The beginning of a new year is a natural time to reflect on the recent past and prepare for the action yet to come. I have just completed my first six months as dean at Michigan Ross. Currently I am working with my leadership team, as well as Ross faculty, staff, students, alumni, advisory boards, and other key constituents to frame a strategic plan that will shape our school’s future. Timed for release late this summer, the plan will be informed by my early priorities: globalization, executive education, entrepreneurship, and innovation around action-based learning. Of course, that’s just the beginning. I eagerly anticipate the variety of new issues and opportunities that emerge each day.
Shortly after my arrival in July 2011, I appointed an associate dean for global initiatives. The goal is to coordinate our multifaceted relationships and identify new opportunities to deliver globalization across all business programs. We’ve conducted a complete inventory of our global activities and discovered that, while we are doing more than it might first appear, we can integrate our efforts more effectively and go deeper than before. In 2012, we’ll focus on academic and research activities, as well as alumni and corporate outreach. This includes custom executive education, in-country student projects, and new knowledge creation.
Much of our early attention will be on India, where Ross has a vibrant alumni network and a long history of corporate partnerships. In fact, our students are set to embark on approximately five in-country projects with Indian firms this spring under the auspices of the school’s new C.K. Prahalad Initiative. The Prahalad Initiative is named for the late Ross professor and management guru who was deeply passionate about the role of business in alleviating poverty.
In late 2011, I announced we would debut our top-ranked Executive MBA Program in Los Angeles this fall. For the first time, we will bring the Michigan Ross faculty and top-ranked curriculum to extremely busy executives who would otherwise not travel outside the region for a long-term degree program. As for non-degree executive education, we continue to grow our portfolio of open-enrollment offerings. We also are working toward partnerships that will facilitate degree and non-degree graduate business education in Southeast Asia.
In fall 2012, we’ll debut the Master of Entrepreneurship Program, a unique collaboration between Michigan Ross and the College of Engineering (COE). Our two faculties, along with partners in the Zell Lurie Institute for Entrepreneurial Studies at Ross and the COE’s Center for Entrepreneurship, have created a truly special curriculum that can’t be found in a conventional business or engineering program.
Innovation Around Action-Based Learning
In 1992, Michigan Ross introduced the innovative Multidisciplinary Action Projects (MAP) course, an intensive field-study experience in which teams of students spend an entire semester collaborating to resolve high-stakes business challenges inside actual organizations. Since then, Ross students have executed more than 1,500 projects for 750 organizations worldwide. Experiential learning is a true differentiator in our graduate programs, especially in the global context. Our faculty committee is examining ways to further develop exceptional individual and team capabilities in our students to deliver value on business issues. Effective project management and intercultural communication will get increasing attention as more international projects come on line.

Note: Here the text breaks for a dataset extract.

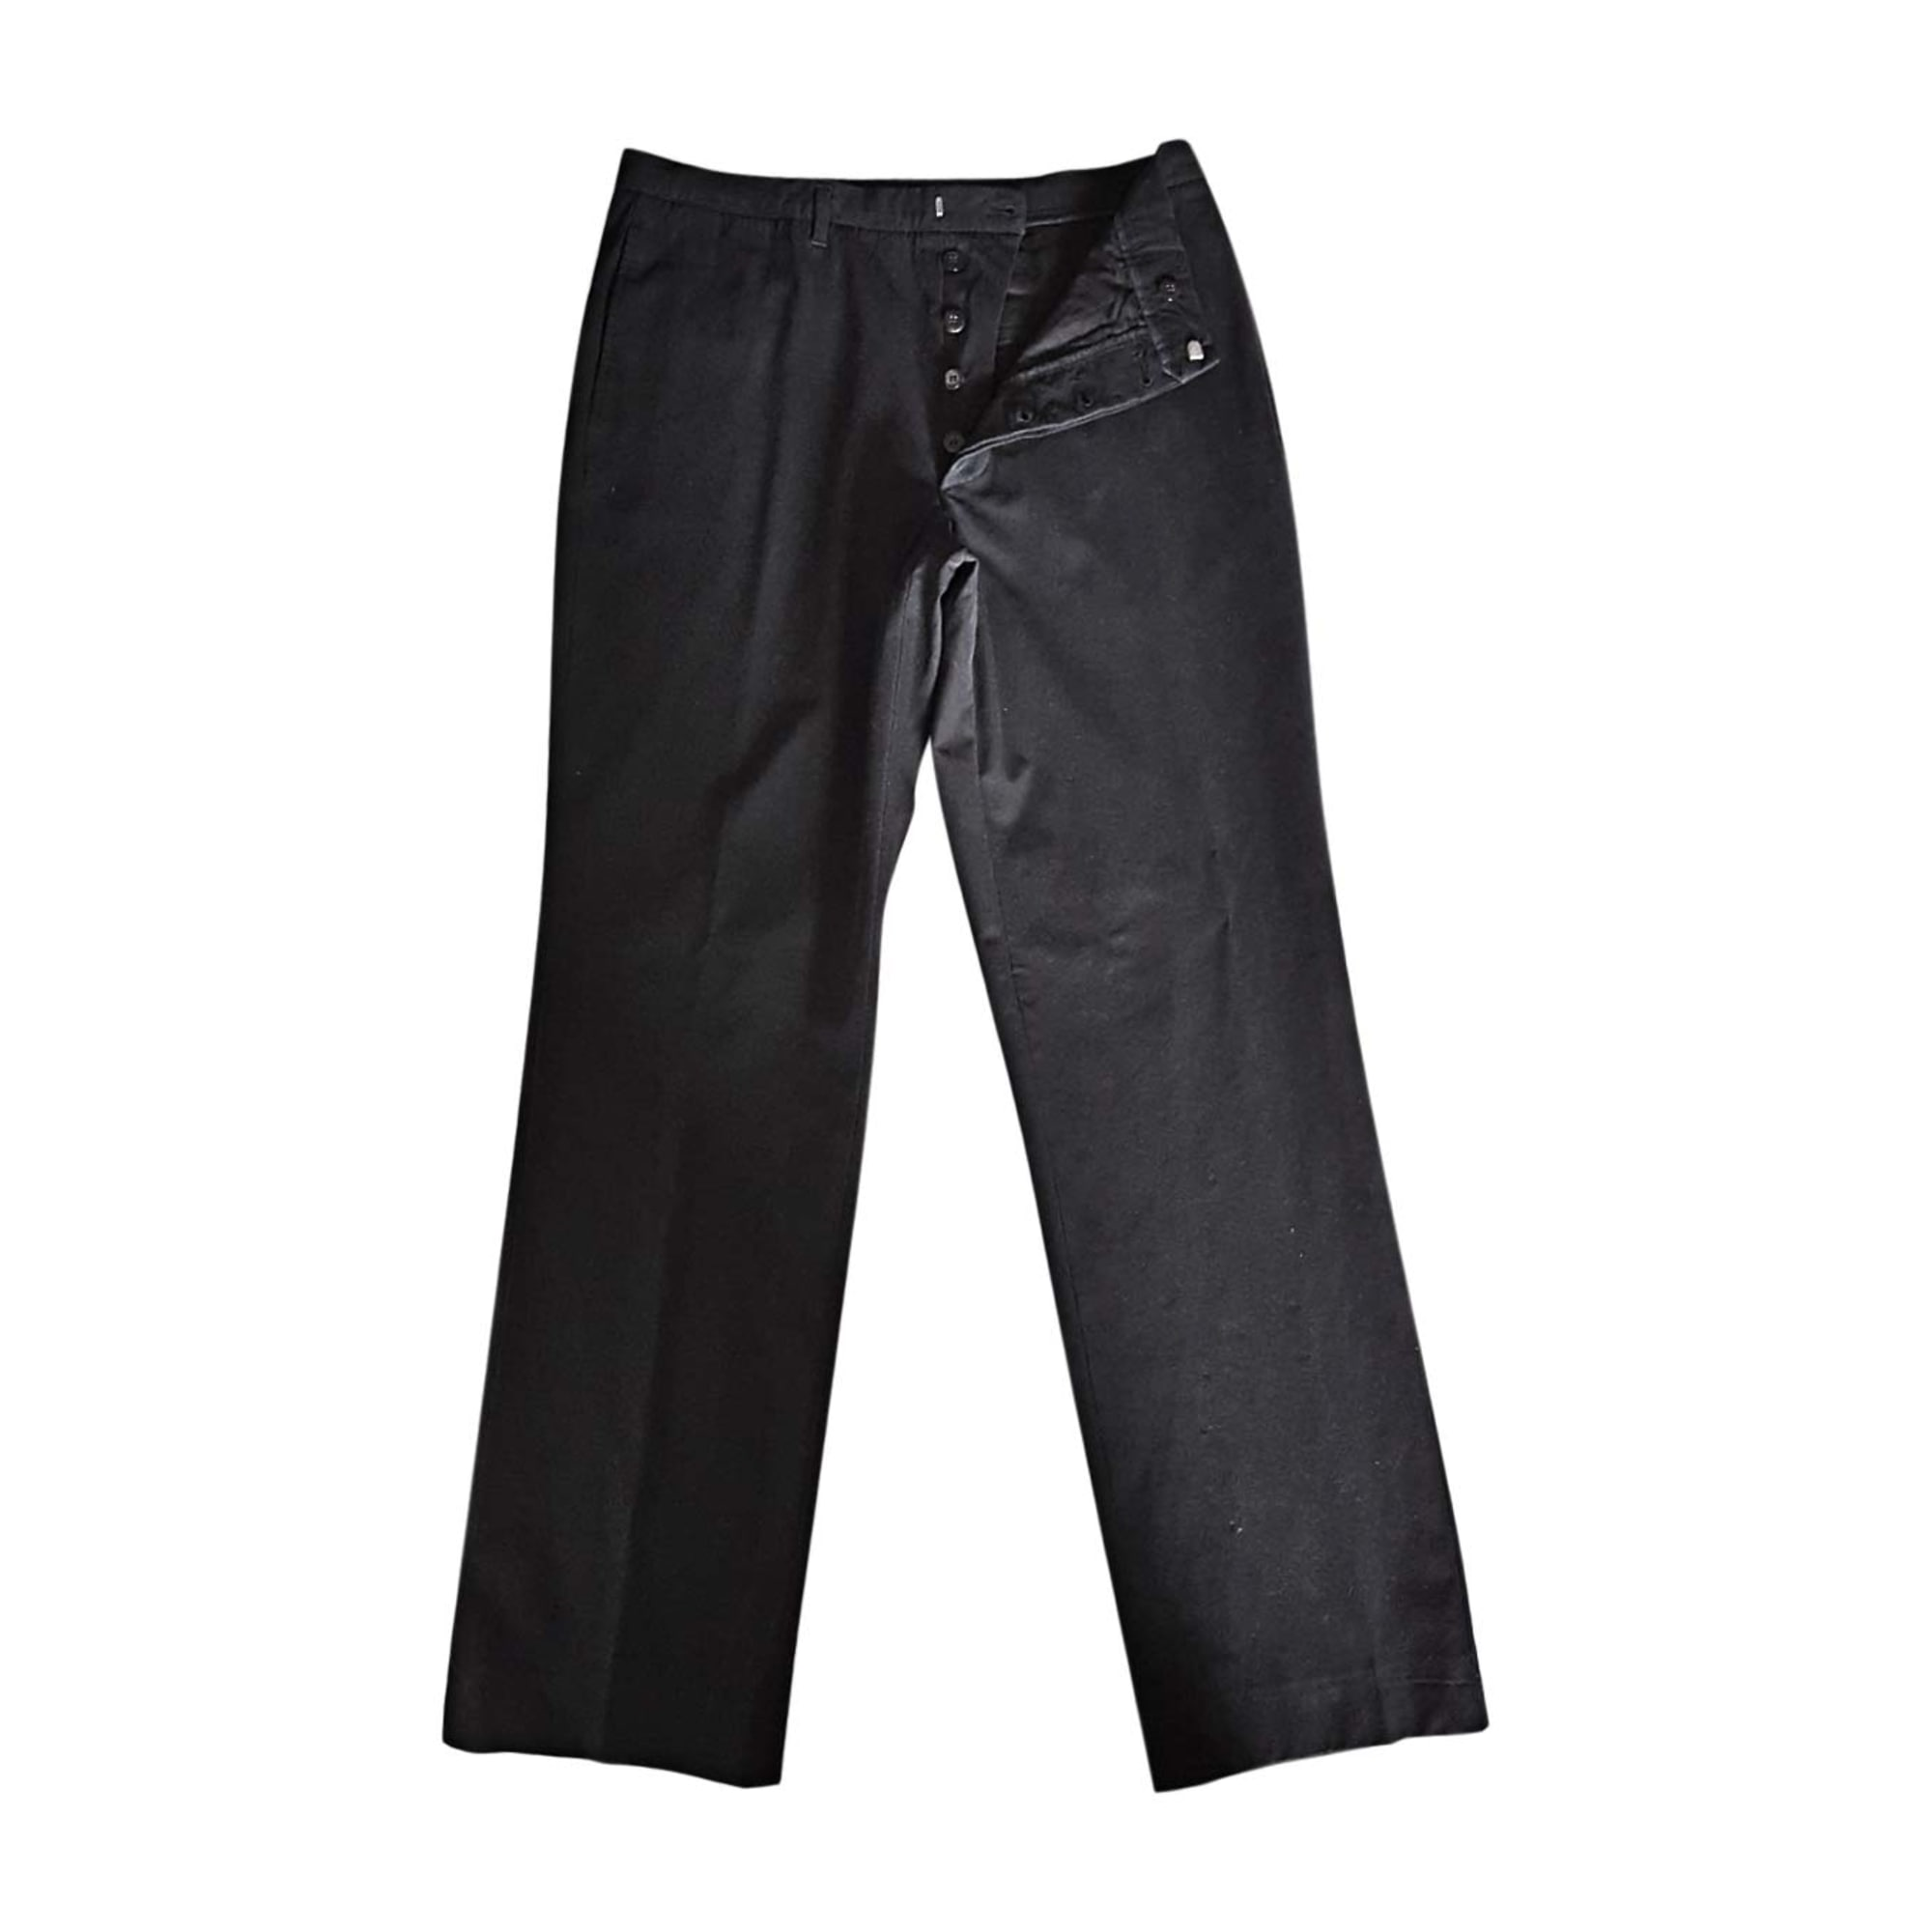 fb5a63f480647 Pantalon droit JIL SANDER 40 (M) noir - 7941038

It’s an understatement to say my first six months as dean have been incredibly busy and challenging. I’ve created a new leadership team, established some key priorities, and accomplished several goals, both large and small. And whether I am introducing a keynote speaker at a student-run event or managing the complex set of activities required to launch our EMBA Program in Los Angeles, I am motivated by the same thing: to ensure academic and organizational excellence at Michigan Ross.